I first downloaded the complete dataset from the Gene Expression Omnibus (GEO) database and used a previously described algorithm to identify genes with periodic variation in nucleosome occupancy. The algorithm provides two p-values that tell if a profile varies significantly across time points (“regulation”) and if this variation correlates significantly with a cosine wave with the period of interest (“periodicity”). Finally, it combines the two p-values into a single score (“combined”).
The genes can be ranked according to any one of these three scores. To test which score makes most biological sense, I benchmarked each of the ranked list against a list of 113 genes that are known from small-scale experiments to be transcriptionally regulated during the budding yeast cell cycle (the B1 list from de Lichtenberg et al. (2005)). Below is a plot showing the fraction of the benchmark identified as function of the number of genes identified as having periodic nucleosome occupancy:
As should be the case, the curve for the combined score lies above the curves for “regulation” and “periodicity” alone, and all three scores enrich for know cell-cycle-regulated genes relative to random expectation (“random”). A clear break in the “combined” curve is observed at rank 300, after which there is essentially no enrichment for known cell-cycle-regulated genes. I thus decided to base my analysis on the top-300 genes according to the combined score.
Comparing this list to the top-600 periodically expressed genes from de Lichtenberg et al. (2005) revealed an overlap of just 45 genes. This is approximately 50% more than expected by random chance and the difference is statistically significant (P < 0.001; Fisher’s exact test).
The next logical thing to do was to check the timing of expression during the cell cycle for the genes with and without periodic nucleosome occupancy. The temporal expression profile of each periodically expressed gene is summarized in a single number, the peak time, which tells when in the cell cycle the gene is maximally expressed. The unit of the peak times are “percent of a cell cycle”; 0% corresponds to the time of cell division and 40% corresponds to S phase (in budding yeast). I plotted the peak-time distributions as histograms:
If the two distributions look similar to you, it is for a good reason: according to the Kolmogorov-Smirnov test there is no significant difference. Not a very exciting result, but perhaps also not too surprising.
If the periodic nucleosome occupancy of cell-cycle-regulated genes has a biological imporantance, then one should expect that time of peak expression of a gene corresponds to the time of minimal nucleosome occupancy. I thus made a scatter plot of the two for the set of 45 genes:
There seems to be no correlation. A possible explanation is that overlap of 45 genes is only 50% more than expected by random chance; in other words only one in three genes, that is 15 genes, can be expected to contribute to the signal (if there is any). Even if the correlation was perfect these genes, the overall correlation would be difficult to detect.
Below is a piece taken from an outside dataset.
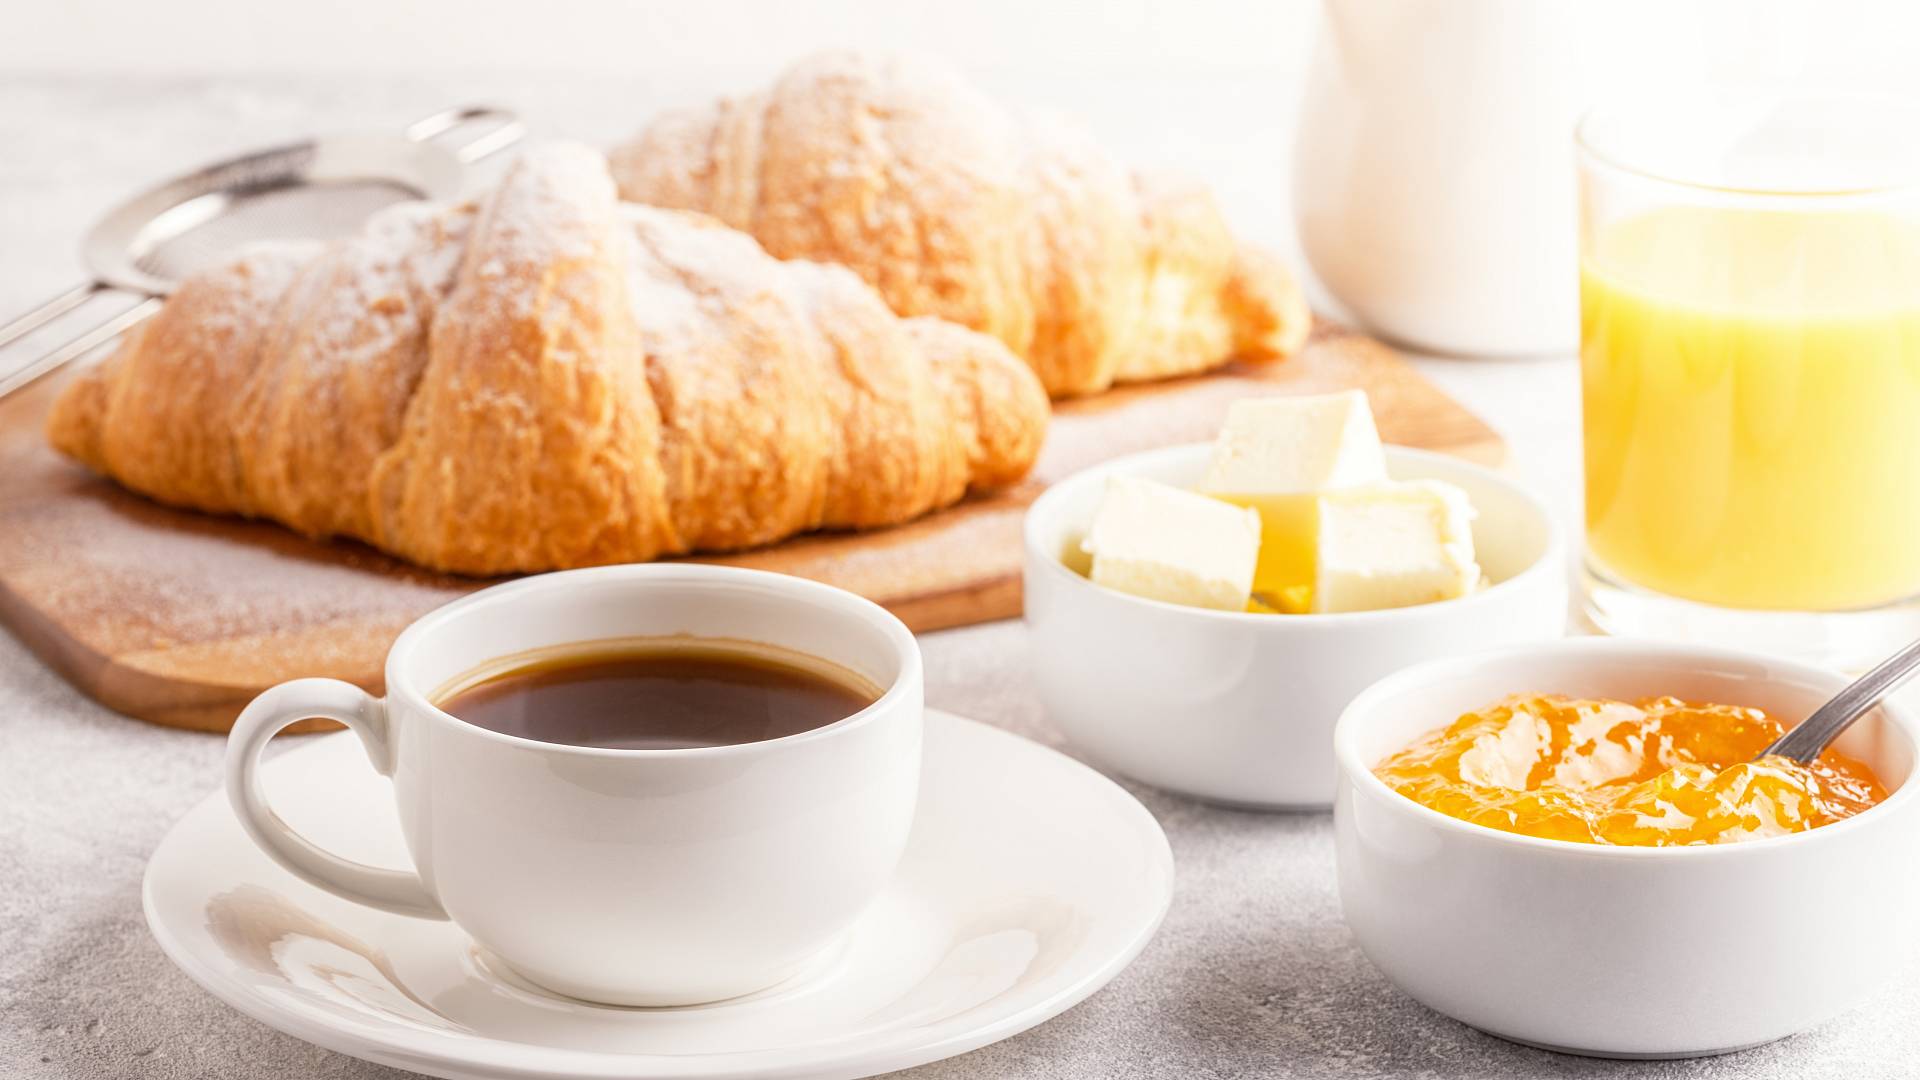 Frühstück mit Croissant, Kaffee und Konfitüre

At this point I decided to drop the project. In summary, the benchmark results and the comparison with microarray expression data show that there is a statistically significant correlation between periodic nucleosome occupancy within an ORFs and periodic expression of the corresponding gene. However, the signal is quite weak and it is thus difficult to get much further.
You are most welcome to post good ideas as comments. Alternatively, I will be happy to provide you with all the files if you want to take over the project.